Research on Democratic Citizenship in South Africa Nets Award

Tuesday, March 28, 2017

For the past eleven years, Patricia Kubow has been conducting research on democracy, education, and indigenous knowledge with principals, teachers, and students in twelve primary and secondary schools in a Xhosa township outside Cape Town’s city center—the first township created during the apartheid era in South Africa. Kubow has been honored for that research with the 2017 Joyce Cain Award for Distinguished Research on People of African Descent from the Comparative and International Education Society, an award she shares with the other author of an article on her research, Mina Min, a doctoral student in Curriculum Studies.

Kubow is a professor in the Department of Educational Leadership & Policy Studies (ELPS) and Department of Curriculum & Instruction (CI) at the School of Education.

Kubow and Min conducted several interviews with Xhosa principals, teachers and students in the township, and then analyzed how they reaffirm and question the dominant Western-oriented democratic narrative.

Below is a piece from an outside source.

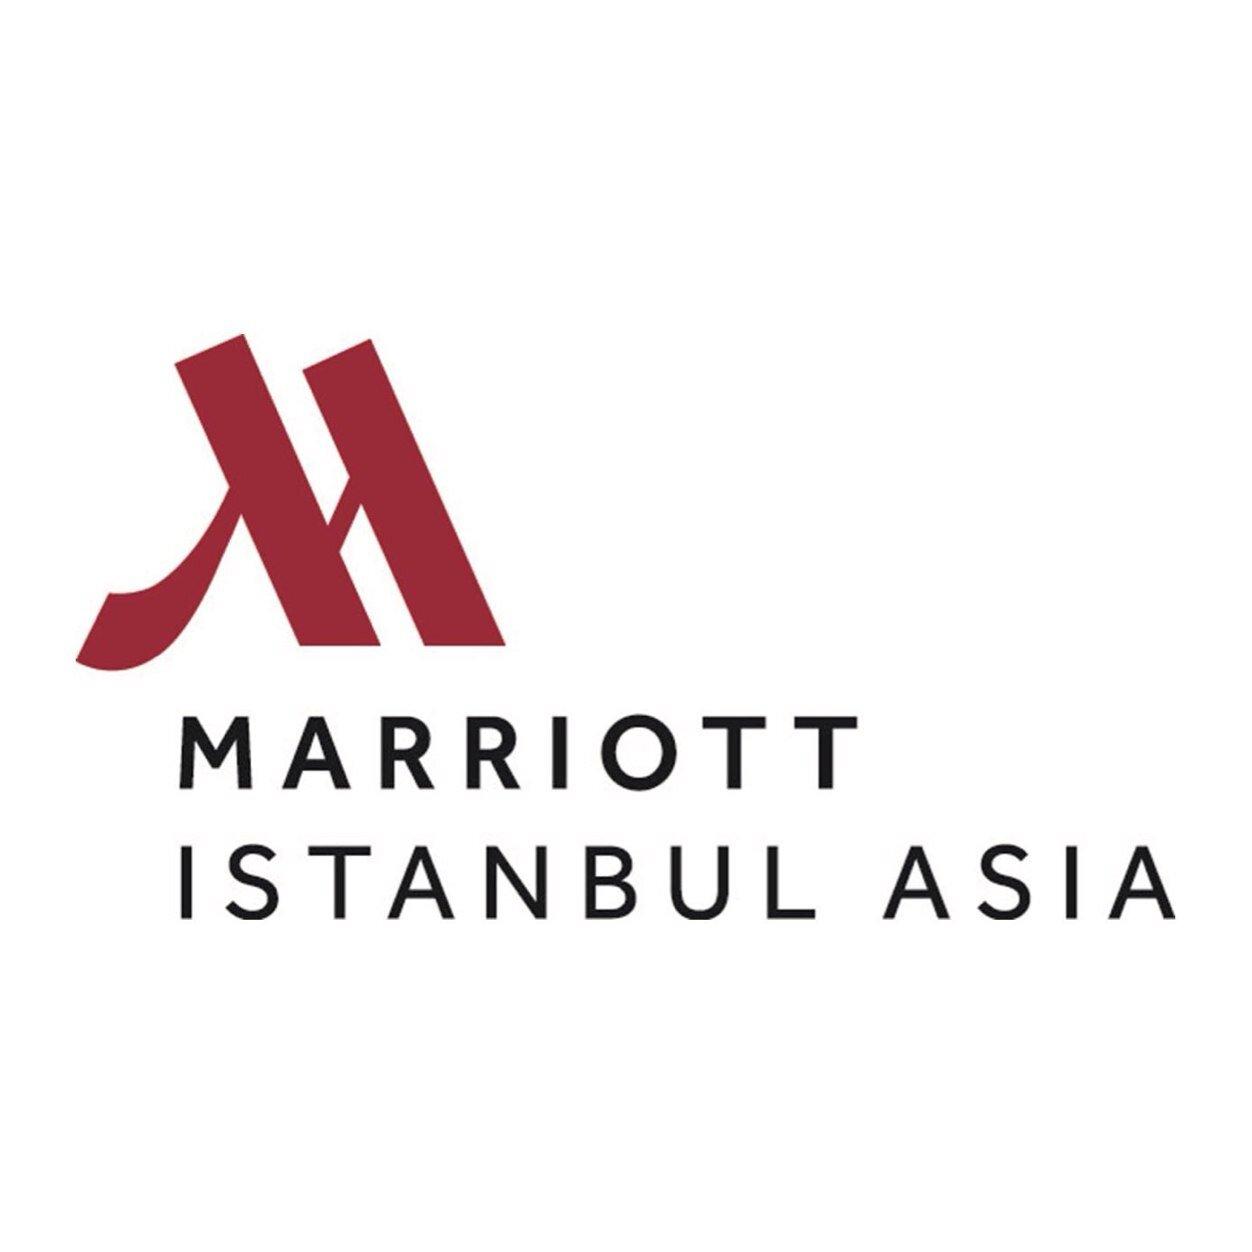 Marriott Hotel Asia  Twitter Hesabı Profil Fotoğrafı
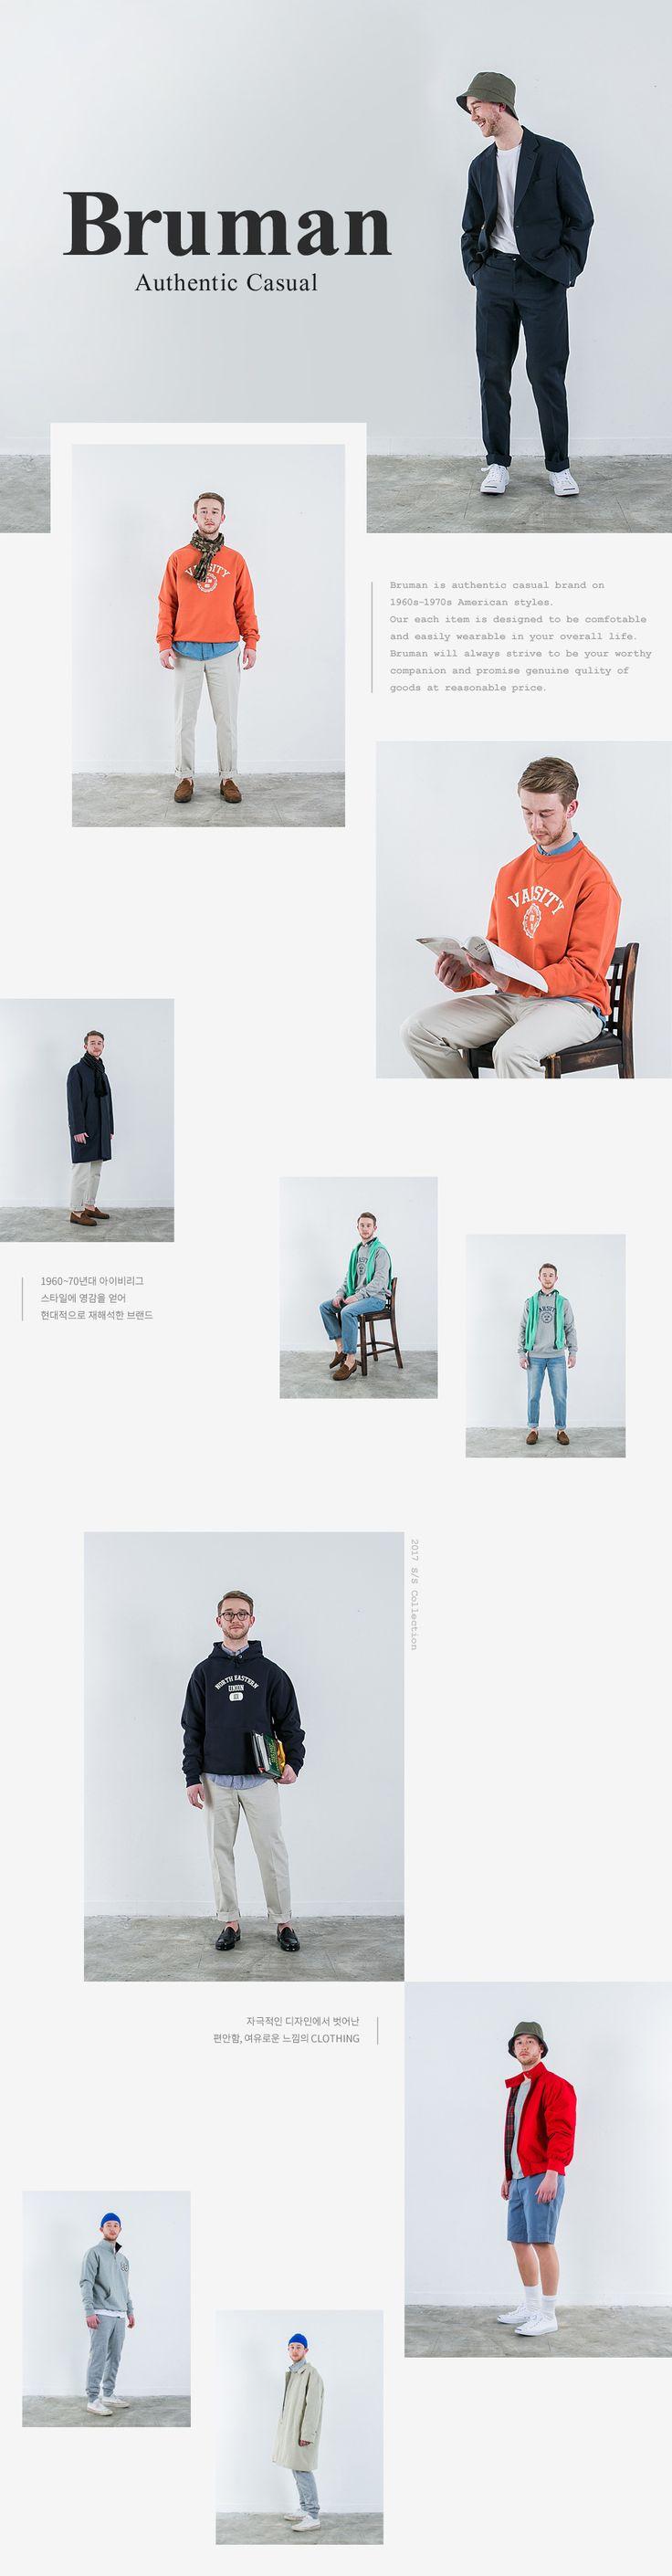 WIZWID:위즈위드 - 글로벌 쇼핑 네트워크 17S/S BRUMAN 기획전 남성 패션

“I am particularly interested in how cultural beliefs and values shape people’s and societies’ views of themselves and their place in their locale, nation, and world. Through this qualitative research, I have been able to see how knowledge that is rooted in land, location, and African principles is at the heart of democratic citizenship for the Xhosa educators and learners in the township’s schools,” Kubow said.

Kubow’s research paints a more complete picture of how people around the world define democracy.

“For the Xhosa participants in my study, democracy is rights, responsibilities, and respect,” Kubow noted. “Moreover, the citizen is one that is born into a community and not separate from it. Western scholars and policy makers have a great deal to learn from comparative perspectives on democracy as understood from those in the Global South.”